Information provided
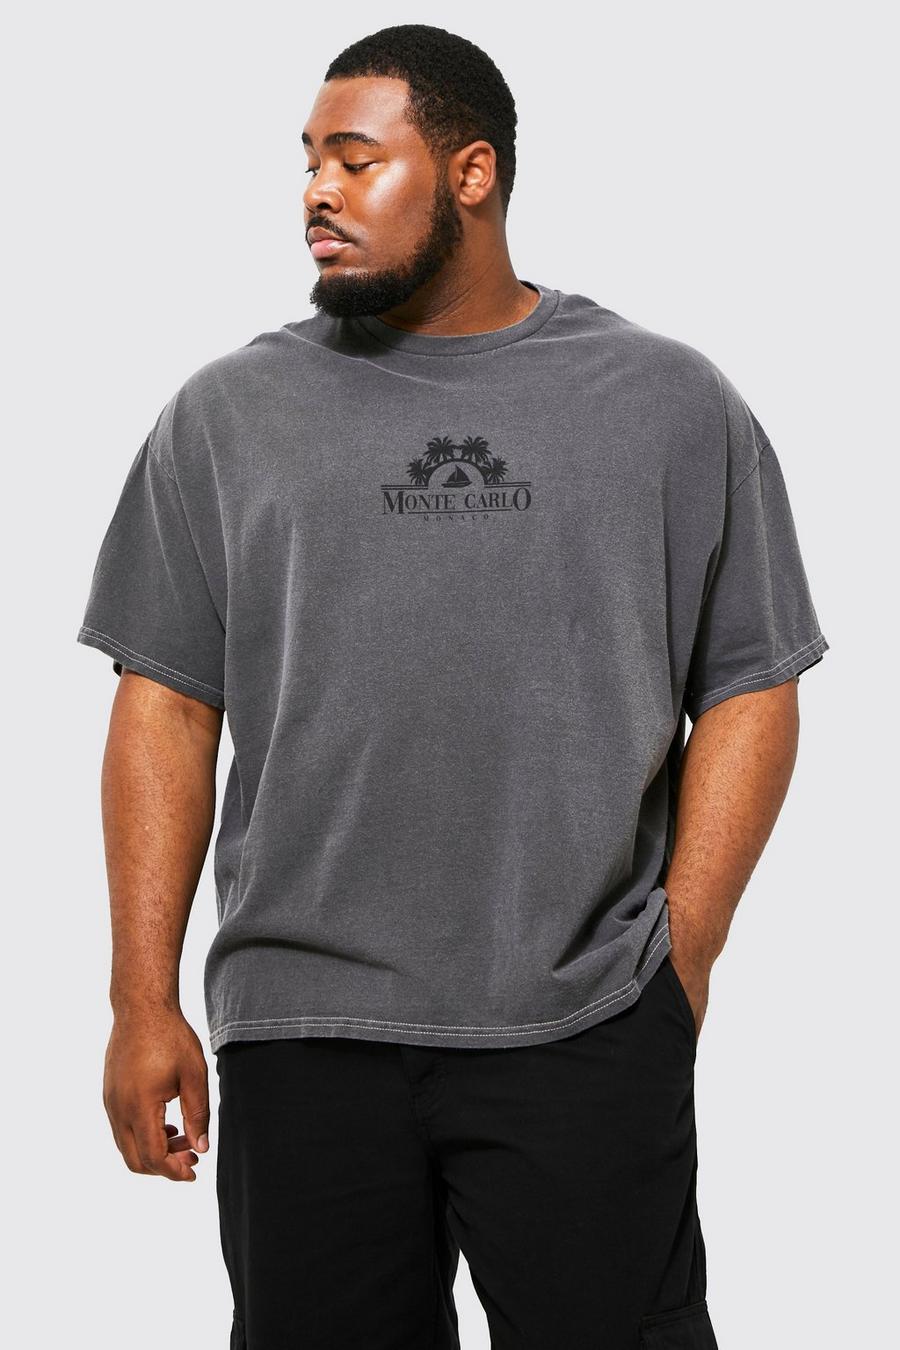 Charcoal grau Plus Overdye Monte Carlo Print T-shirt
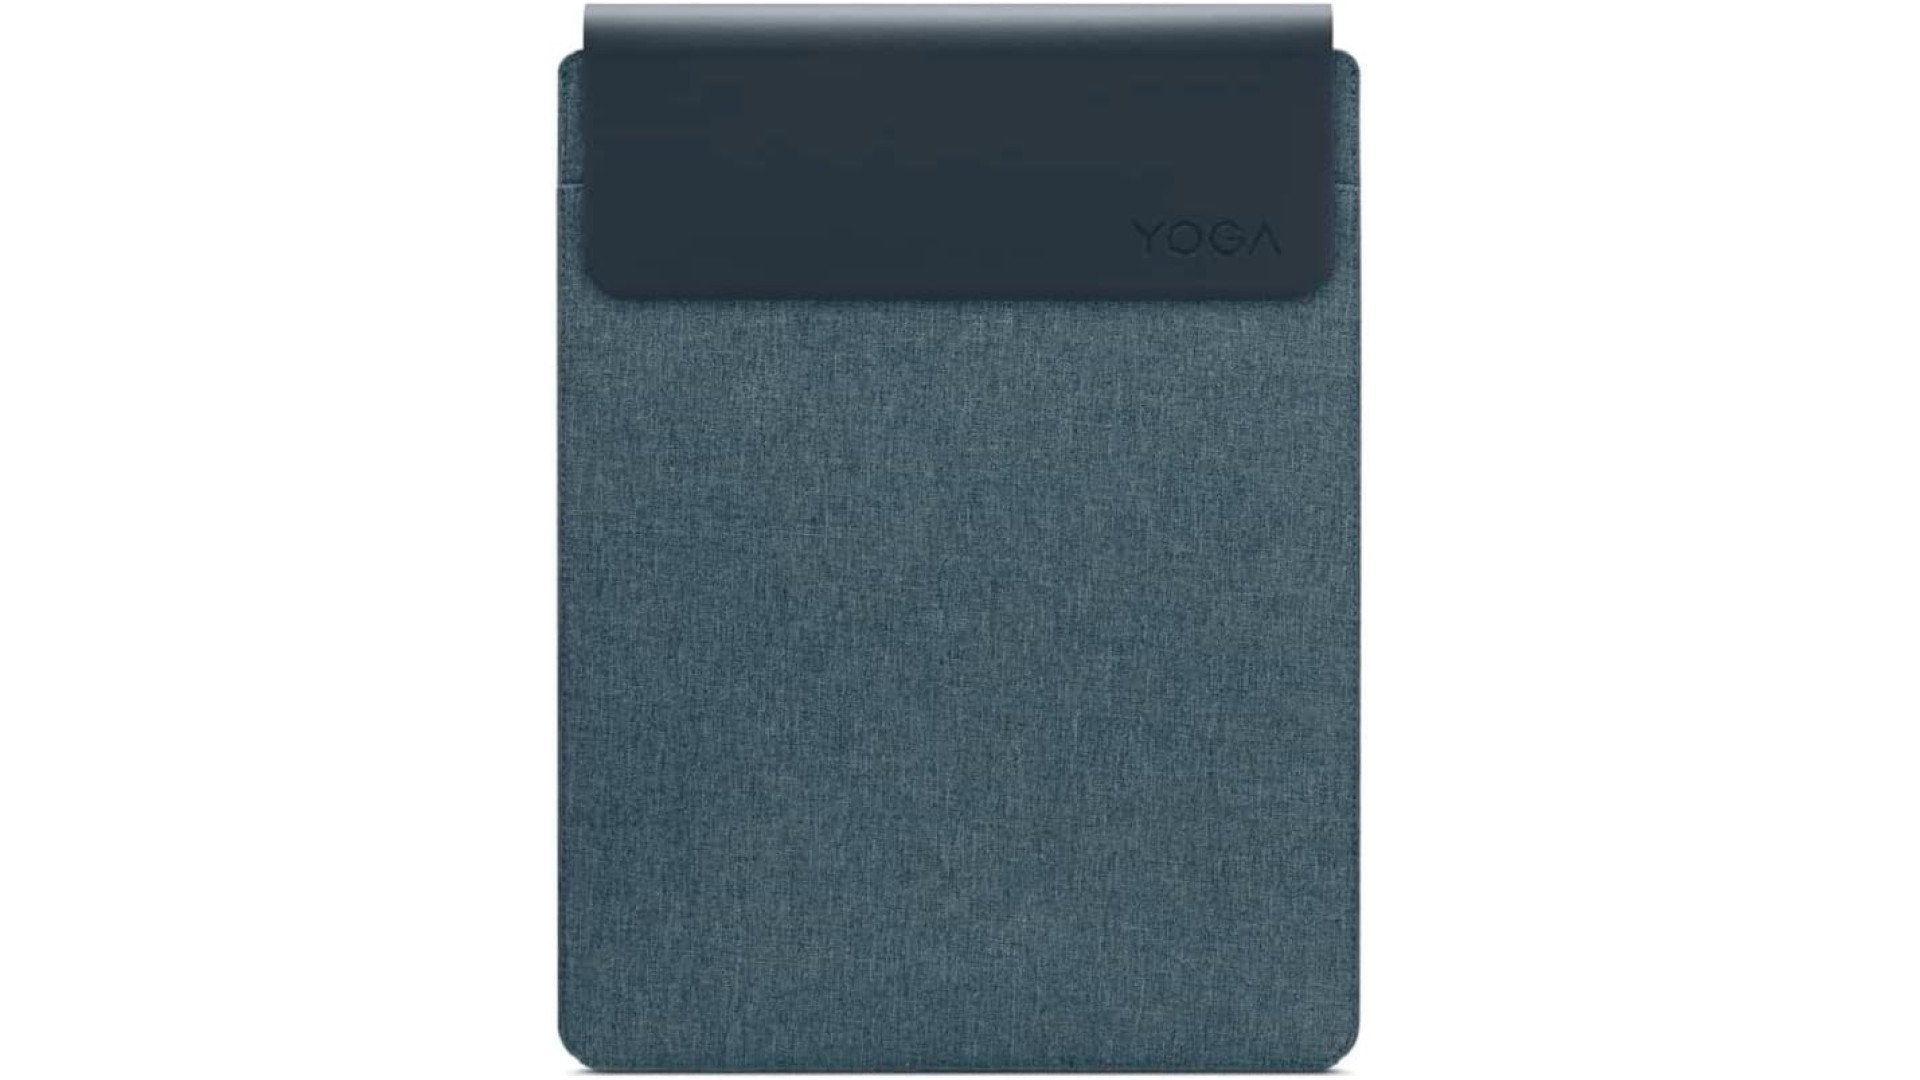 ნოუთბუქის ჩანთა Lenovo  Yoga Laptop Sleeve 14 Inch Notebook/Tablet Compatible with MacBook Air/Pro - Slim Eco-Friendly Lightweight Case with Accessory Pocket & Magneti
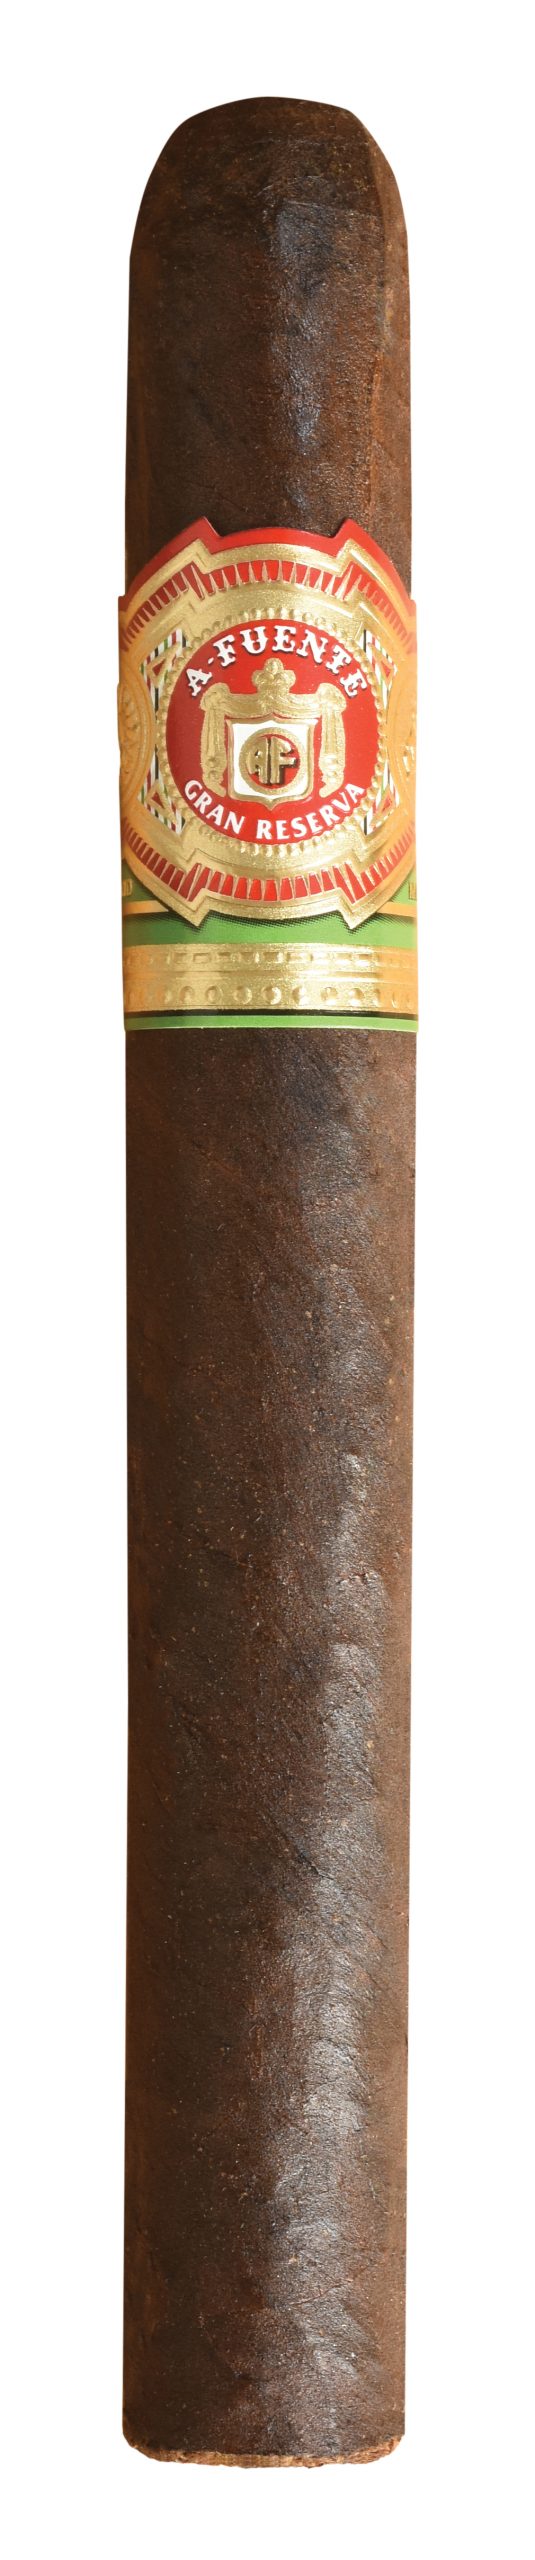 arturo fuente 8 5 8 maduro single cigar

Activity
Without including any image, reproduce the full listing above as written.

Response to the task
 Charcoal grau Plus Overdye Monte Carlo Print T-shirt
 ნოუთბუქის ჩანთა Lenovo  Yoga Laptop Sleeve 14 Inch Notebook/Tablet Compatible with MacBook Air/Pro - Slim Eco-Friendly Lightweight Case with Accessory Pocket & Magneti
 arturo fuente 8 5 8 maduro single cigar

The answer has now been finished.